Focusing on the logs for 2021-03-29T115703, the last message before the program was terminated was:
2021-03-29T11:51:00.369-07:00 WARN: (DCP) (bucket-1) (vb 915) Stream has been inactive for 1m0s, last seqno 46 -- couchbase.(*DCPAsyncWorker).monitorActivity.func1() at dcp_async_worker.go:252
2021-03-29T11:51:00.369-07:00 WARN: (DCP) (bucket-1) (vb 647) Stream has been inactive for 1m0s, last seqno 68 -- couchbase.(*DCPAsyncWorker).monitorActivity.func1() at dcp_async_worker.go:252
2021-03-29T11:51:00.369-07:00 WARN: (DCP) (bucket-1) (vb 835) Stream has been inactive for 1m0s, last seqno 44 -- couchbase.(*DCPAsyncWorker).monitorActivity.func1() at dcp_async_worker.go:252
2021-03-29T11:51:00.369-07:00 WARN: (DCP) (bucket-1) (vb 739) Stream has been inactive for 1m0s, last seqno 84 -- couchbase.(*DCPAsyncWorker).monitorActivity.func1() at dcp_async_worker.go:252
2021-03-29T11:51:00.369-07:00 WARN: (DCP) (bucket-1) (vb 1010) Stream has been inactive for 1m0s, last seqno 52 -- couchbase.(*DCPAsyncWorker).monitorActivity.func1() at dcp_async_worker.go:252
2021-03-29T11:51:00.369-07:00 WARN: (DCP) (bucket-1) (vb 76) Stream has been inactive for 1m0s, last seqno 56 -- couchbase.(*DCPAsyncWorker).monitorActivity.func1() at dcp_async_worker.go:252
2021-03-29T11:53:20.987-07:00 (Signal Handler) Signal `interrupt` received, exiting
goroutine 35 [running]:
This suggests that cbbackupmgr has not hanged and is wait on data for these vBuckets.

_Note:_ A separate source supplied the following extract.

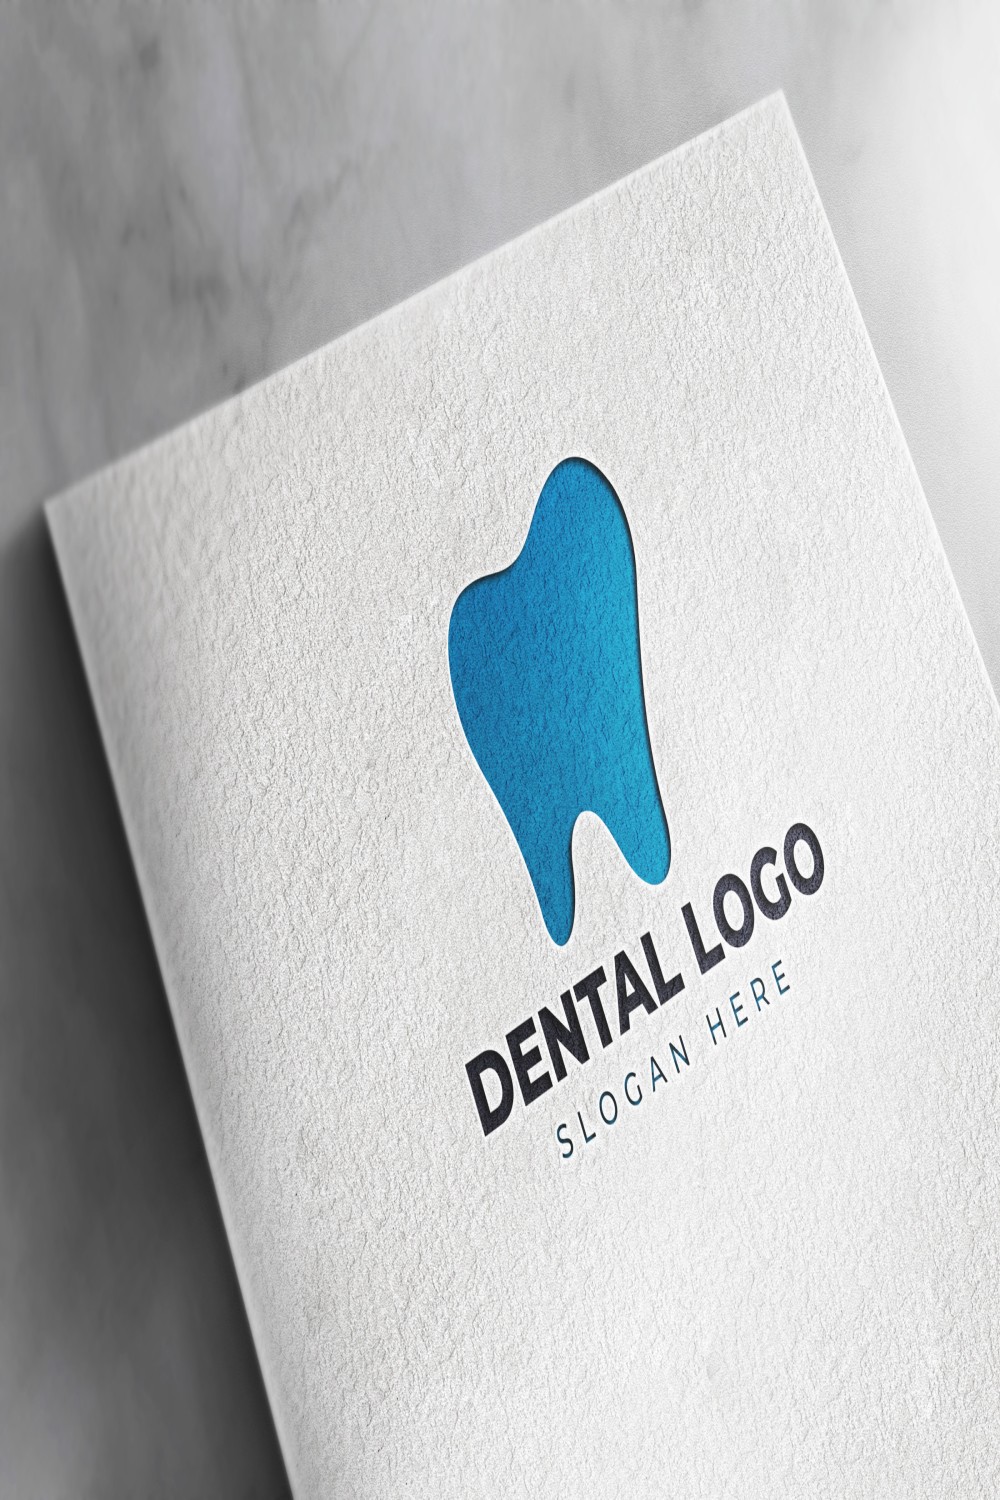 Dental Logo Vector Design Template Pinterest image.

Following vb 76 we can see that the stream was opened as follows:
2021-03-29T11:49:00.388-07:00 (DCP) (bucket-1) (vb 76) Creating DCP stream | {"uuid":26490595435443,"start_seqno":0,"end_seqno":102,"snap_start":0,"snap_end":0,"retries":0}
At the time cbbackupmgr detected that no traffice has been send for vb 76 for one minute and the last seqno it had seen was 56.
There can be a number of cause for this, including network issues and server side problem. Can you please provide the server side logs so we can investigate this further.